[<prev] [next>] [<thread-prev] [thread-next>] [day] [month] [year] [list]
Message-ID: <20090421101326.GE19637@balbir.in.ibm.com>
Date: Tue, 21 Apr 2009 15:43:26 +0530
From: Balbir Singh <balbir@...ux.vnet.ibm.com>
To: Andrea Righi <righi.andrea@...il.com>
Cc: Paul Menage <menage@...gle.com>,
Gui Jianfeng <guijianfeng@...fujitsu.com>,
KAMEZAWA Hiroyuki <kamezawa.hiroyu@...fujitsu.com>,
agk@...rceware.org, akpm@...ux-foundation.org, axboe@...nel.dk,
baramsori72@...il.com, Carl Henrik Lunde <chlunde@...g.uio.no>,
dave@...ux.vnet.ibm.com, Divyesh Shah <dpshah@...gle.com>,
eric.rannaud@...il.com, fernando@....ntt.co.jp,
Hirokazu Takahashi <taka@...inux.co.jp>,
Li Zefan <lizf@...fujitsu.com>, matt@...ehost.com,
dradford@...ehost.com, ngupta@...gle.com, randy.dunlap@...cle.com,
roberto@...it.it, Ryo Tsuruta <ryov@...inux.co.jp>,
Satoshi UCHIDA <s-uchida@...jp.nec.com>,
subrata@...ux.vnet.ibm.com, yoshikawa.takuya@....ntt.co.jp,
Nauman Rafique <nauman@...gle.com>, fchecconi@...il.com,
paolo.valente@...more.it, containers@...ts.linux-foundation.org,
linux-kernel@...r.kernel.org
Subject: Re: [PATCH 2/7] res_counter: introduce ratelimiting attributes
* Andrea Righi <righi.andrea@...il.com> [2009-04-18 23:38:27]:
> Introduce attributes and functions in res_counter to implement throttling-based
> cgroup subsystems.
>
> The following attributes have been added to struct res_counter:
> * @policy: the limiting policy / algorithm
> * @capacity: the maximum capacity of the resource
> * @timestamp: timestamp of the last accounted resource request
>
Units of each of the above would be desirable, without them it is hard
to understand what you are trying to add.
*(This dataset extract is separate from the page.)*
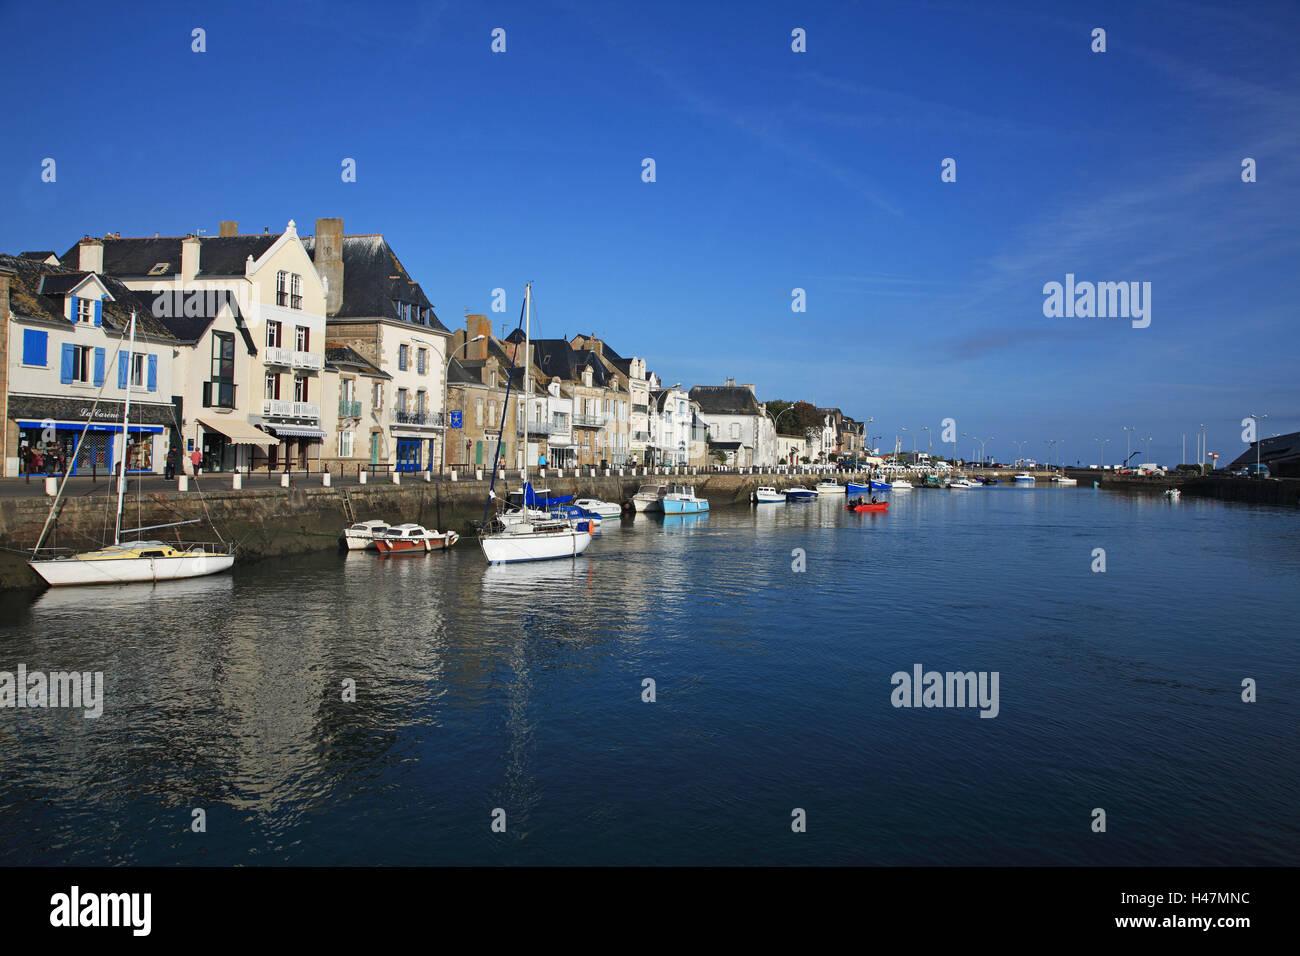 France, Brittany, Loire-Atlantique, canton Le Croisic, harbour, boots, Europe, architecture, houses, buildings, Stock Photo

What is the unit of
capacity?
> Currently the available policies are: token-bucket and leaky-bucket and the
> attribute @capacity is only used by token-bucket policy (to represent the
> bucket size).
>
> The following function has been implemented to return the amount of time a
> cgroup should sleep to remain within the defined resource limits.
>
> unsigned long long
> res_counter_ratelimit_sleep(struct res_counter *res, ssize_t val);
>
> [ Note: only the interfaces needed by the cgroup IO controller are implemented
> right now ]
>
This is a good RFC, but I would hold off merging till the subsystem
gets in. Having said that I am not convinced about the subsystem
sleeping, if the subsystem is not IO intensive, should it still sleep
because it is over its IO b/w? This might make sense for the CPU
controller, since not having CPU b/w does imply sleeping.
Could you please use the word throttle instead of sleep.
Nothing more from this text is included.